# Weird focus change with 700d



## Themaninblack (Jul 16, 2016)

Hi all,

Just wondering if anyone has had this before and if I possibly had something setup incorrectly. 
I was taking pictures with my Canon 700d (kit lens EFS 18-55mm) a couple of days ago and I was manually focusing but the final picture always came out different. I was focused on the object closest to the camera with the background out of focus but nevertheless the background in the end always came out more in focus than I wanted it.

Maybe I accidentally still had the camera set to auto focus and for this reason the photo was altered/came out different but I don't believe so.

Anyone experienced this before? Is this some kind of error or a sign of a problem with the camera?

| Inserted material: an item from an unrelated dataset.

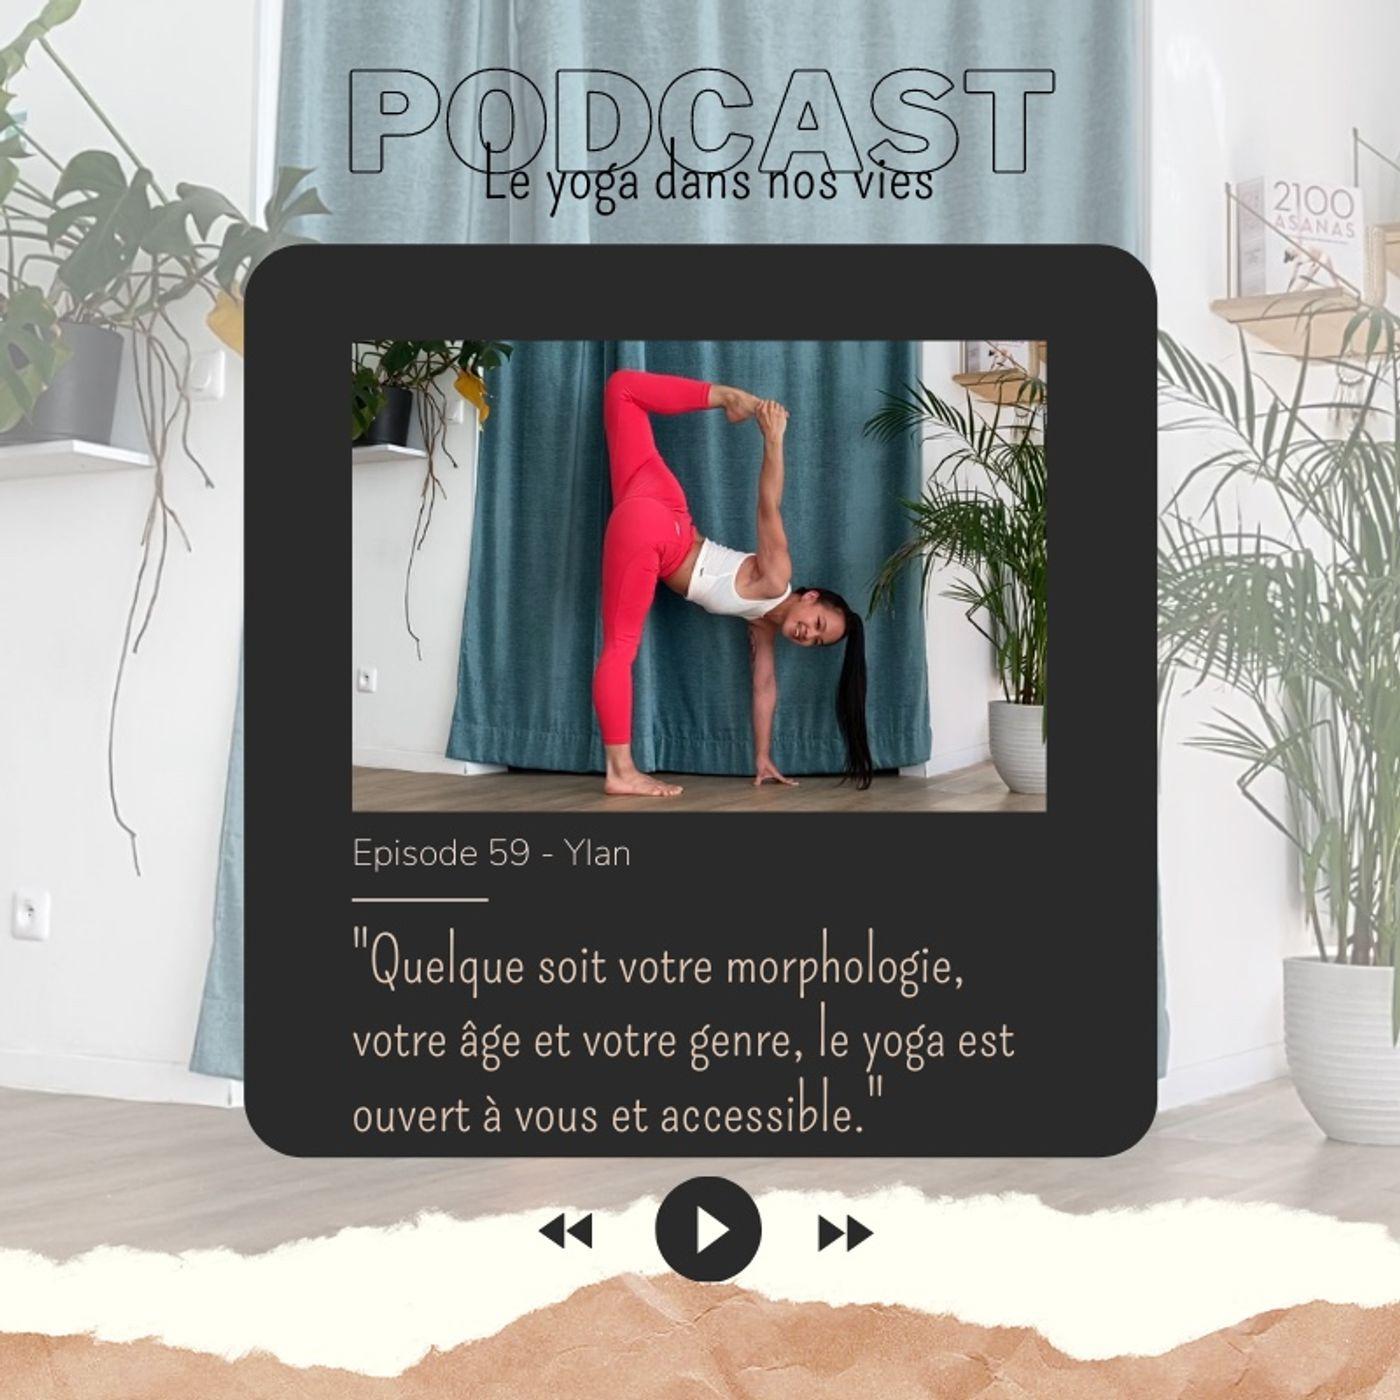 Episode 59 - Ylan

Thanks in advance and best regards!


----------



## beagle100 (Jul 16, 2016)

Themaninblack said:


> Hi all,
> 
> Just wondering if anyone has had this before and if I possibly had something setup incorrectly.
> I was taking pictures with my Canon 700d (kit lens EFS 18-55mm) a couple of days ago and I was manually focusing but the final picture always came out different. I was focused on the object closest to the camera with the background out of focus but nevertheless the background in the end always came out more in focus than I wanted it.
> ...



chances are you were using the wrong focus point, with Canon's DPP software you can see where the red focus point was on the photo


----------



## KmH (Jul 16, 2016)

What lens focal length and aperture was the lens set to.

I suspect your understanding of depth-of-field is less than complete.
Understanding Depth of Field in Photography


----------



## Themaninblack (Jul 17, 2016)

You are right to suspect my understanding of depth of field is less than complete. I'm a beginner and have no problem admitting it. What I don't understand is why the image would change if I had everything set to manual, as I'm 99% sure I did. The focus of the image when in manual, should surely stay the same as how I've set it up. It may be useful for you to know that once noticing the resulting images were different from how they looked when setting the image up, I pressed the depth of field preview button and here the difference also occurred. So in other words, I set my focus up, pressed the DOF preview button and my focus changed. 

This was really frustrating as it meant the final image didn't turn out exactly how I wanted it. 

Hasn't happened since though so I'm a bitt puzzled...

Thanks for your replies.


----------